Passenger Rail in North America used to be the same way.

Actually, with most of Amtrak, it still is. But with commuter rail not so much any more. And we have probably long given up the possibility that the coming revival of intercity Passenger Rail will look anything more that Global, or worse, European.

The extraordinary hiatus in development of purely American intercity passenger trains has given the rest of the world a leg up. Worse, we will never know what the evolution of the passenger train would have been had we just continued to run them in a quantity and at a speed that kept them in the public eye and mind. For instance, the trend toward bi-levels started with the Santa Fe equipment might have been more incentive for eastern routes with increased clearances. Fifteen years ago, Amtrak still had to devise Superliner-like interiors to fit into single-level cars still having to squeeze through tunnels that couldn't clear Superliners.

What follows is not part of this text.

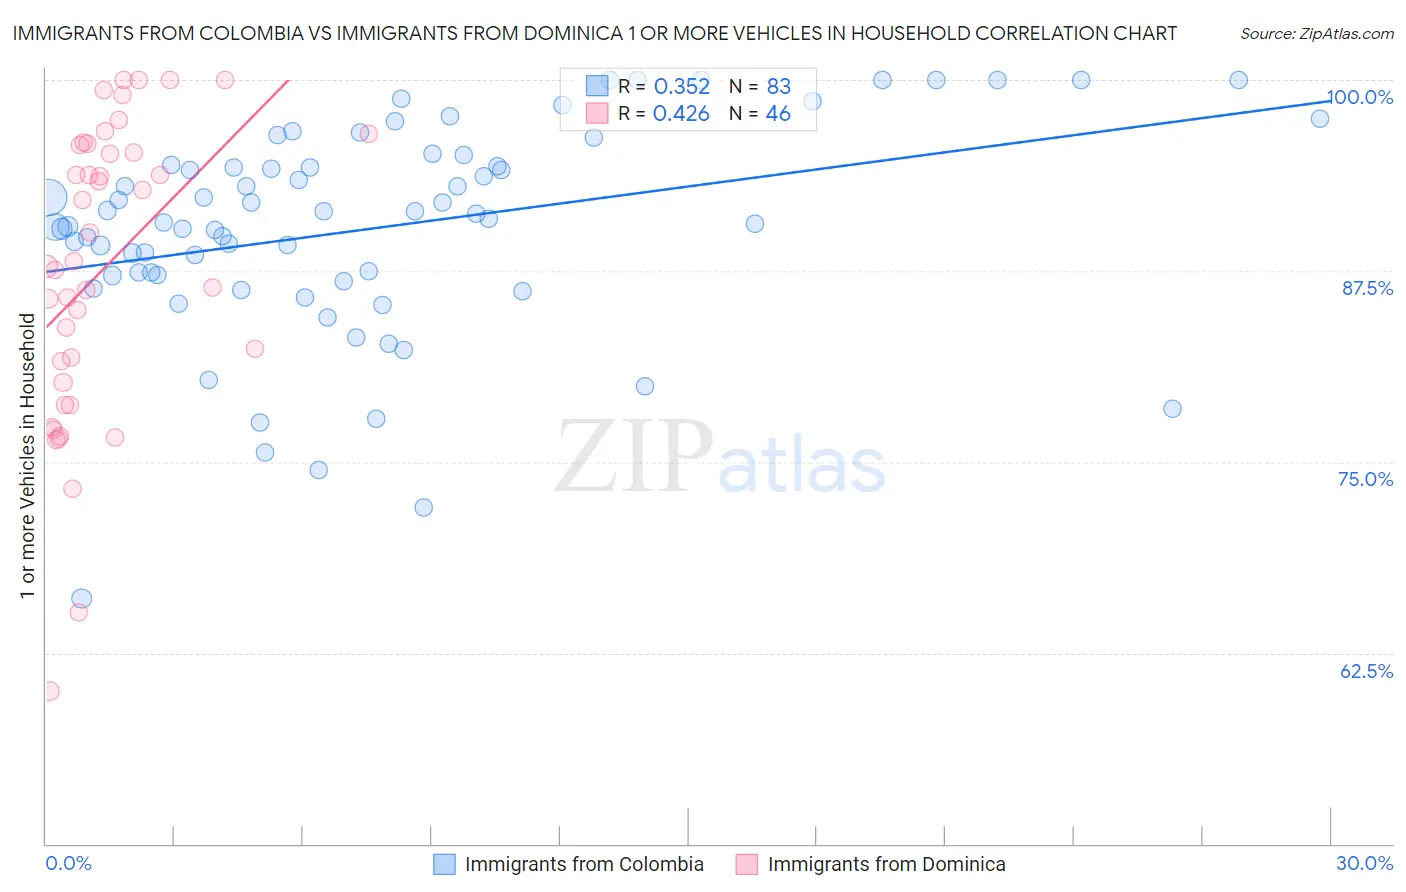 Immigrants from Colombia vs Immigrants from Dominica 1 or more Vehicles in Household

With the increase in sizes, would we now have a third or fourth generation of Super-Superliners that make Passenger Rail even more fuel efficient than it already is with broken-down antiques? With a continuity in design and volume of use, would green locomotive builders be targeting passenger use instead of just freight? We will never know.

Had we been building North American passenger cars right along, the cost of including integrated, state-of-the-art amenities (the full range of electronic media, the best of human creature comforts) might not be as great as it is now for single, disgustingly small (by car count) orders that come only once every two decades.

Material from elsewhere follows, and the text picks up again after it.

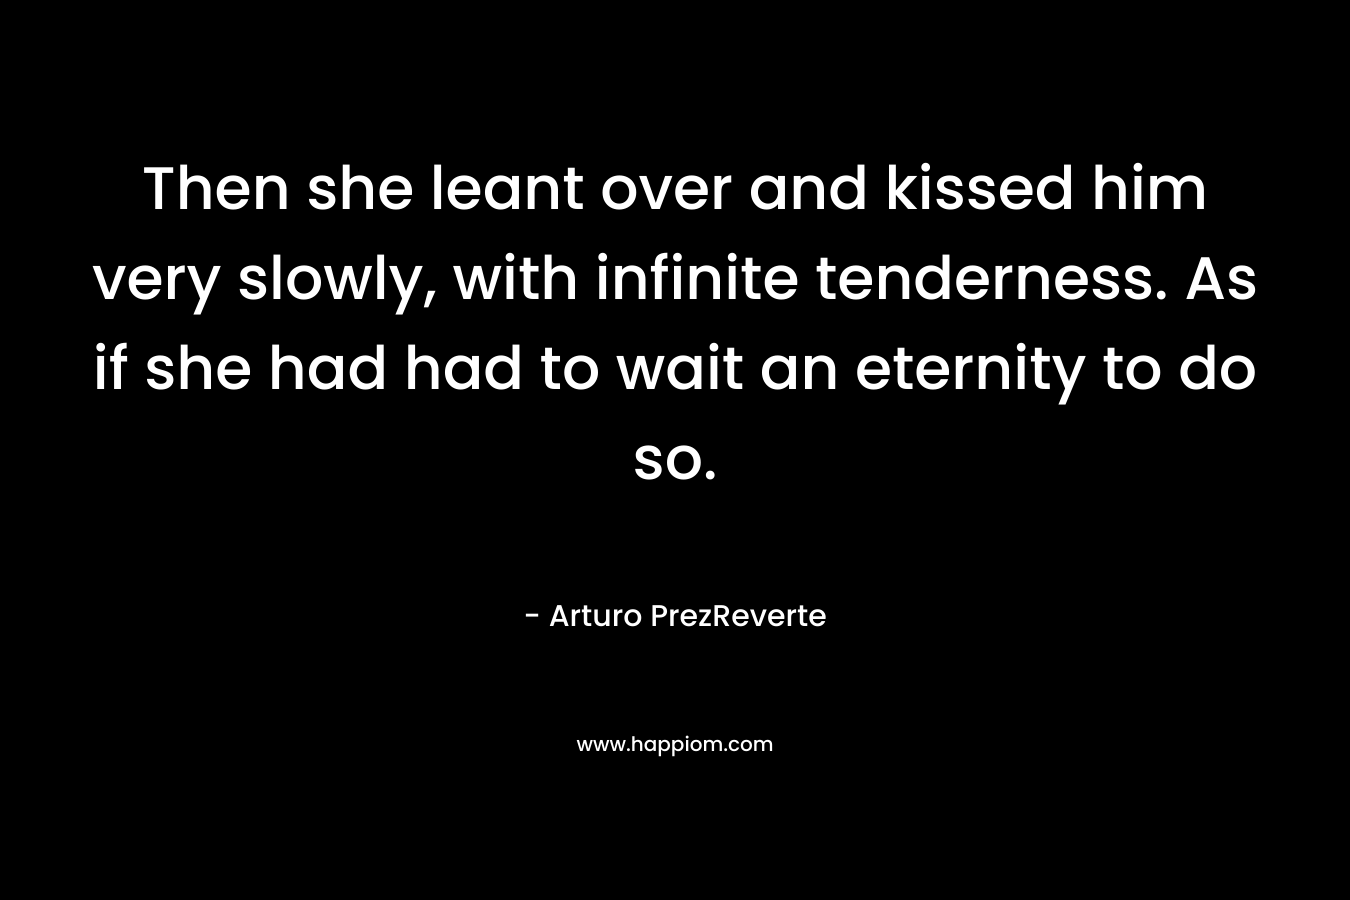 Then she leant over and kissed him very slowly, with infinite tenderness. As if she had had to wait an eternity to do so. – Arturo PrezReverte

We The People have done ourselves a great disservice in settling for Amtrak.

©2008 - C. A. Turek - mistertrains@gmail.com


Sunday, August 03, 2008

No. 3 - Marginalization and Demonization

Third on Mister Trains' list of what the United States should have done to ensure that Passenger Rail was viable in the twenty-first century is a two-parter. Because they are two sides of the same coin, we have put them together; but they just as easily could have been No. 3 and No. 4.

Marginalization: The act of diminishing the importance of something by shoving it off to the margins of public consciousness. In our society today, the homeless, the harmless insane, the elderly poor, and Passenger Rail are all marginalized. When public policy evolved (or devolved) to support air and highway transport at the expense of rail, the policy makers found themselves with a nightmare of complaints from those who still viewed rail as the way to get from here to there. Train-offs were always made after loud public outcry from those who did not want to lose the passenger train.

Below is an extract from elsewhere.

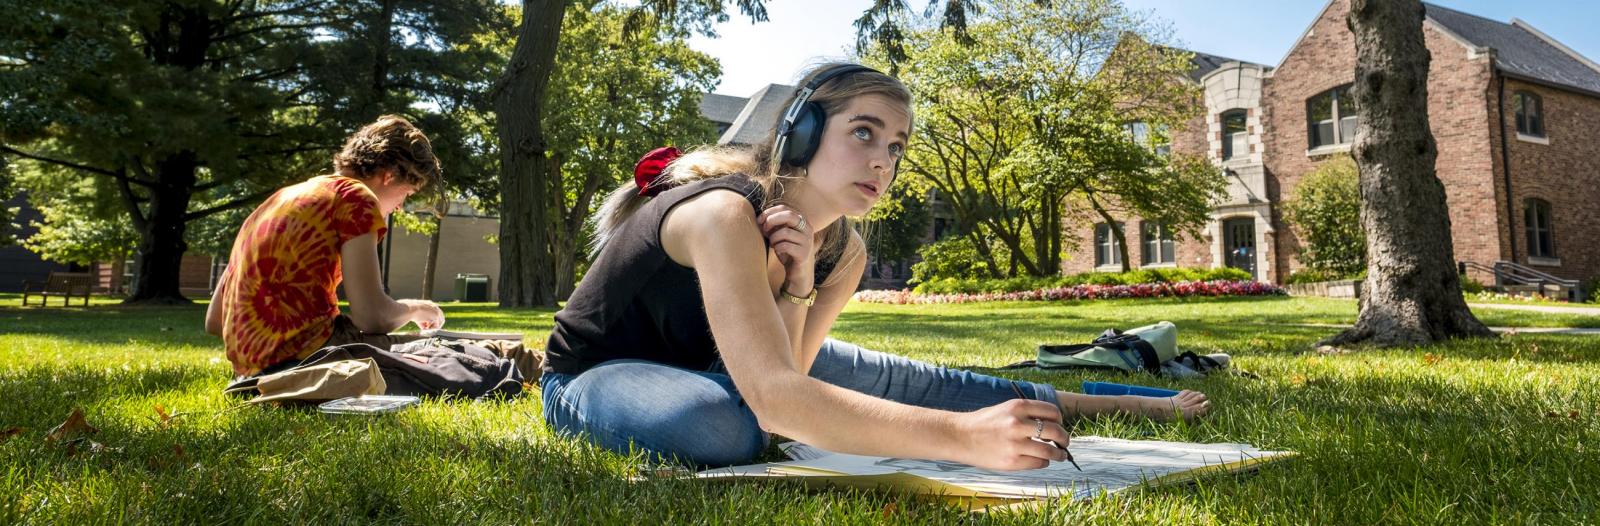 Two students sit in grass, one with headphones looking up

So we dealt with it by convincing ourselves that those loudmouths were not riders but complainers and that they probably would not use the trains if they were left on the timetable. We then marginalized the communities that suffered and sometimes died because of the train-offs. We told ourselves that they were little hayseed towns that didn't have an economic future anyway.

During the process of marginalization, the media always presented the railroads as an archaic form of transportation. Likewise, successful European or Asian passenger trains were characterized as quaint and touristy. Not until our trains were long gone and the rest of the world's weren't did the media start showing us the "modern and space age" trains of France, Japan, and etc. Now the only experienced passenger car builders come from places other than the United States.

Demonization is an extreme form. Not only were railroads characterized as archaic and outdated, but they were placed in a blame situation for almost every possible annoyance that a transportation form could have. They were too hot, too cold, unsafe, they contributed to noise, pollution, they dispoiled the land, they were founded by robber barrons who never repaid their debt to society.

Trains retreated, they retrenched, and they kept a low profile. Today they do their jobs without the high advertising budgets of airlines and auto manufacturers. Throughout the world, however, railroads haul more passengers more miles and more comfortably than do today's airlines. But they don't do it here.

Mister Trains still gets comments from people who don't get it. From those who say rail is archaic. We bet that fewer people in the rest of the world feel that way. Where Passenger Rail was never marginalized or demonized, it flourishes.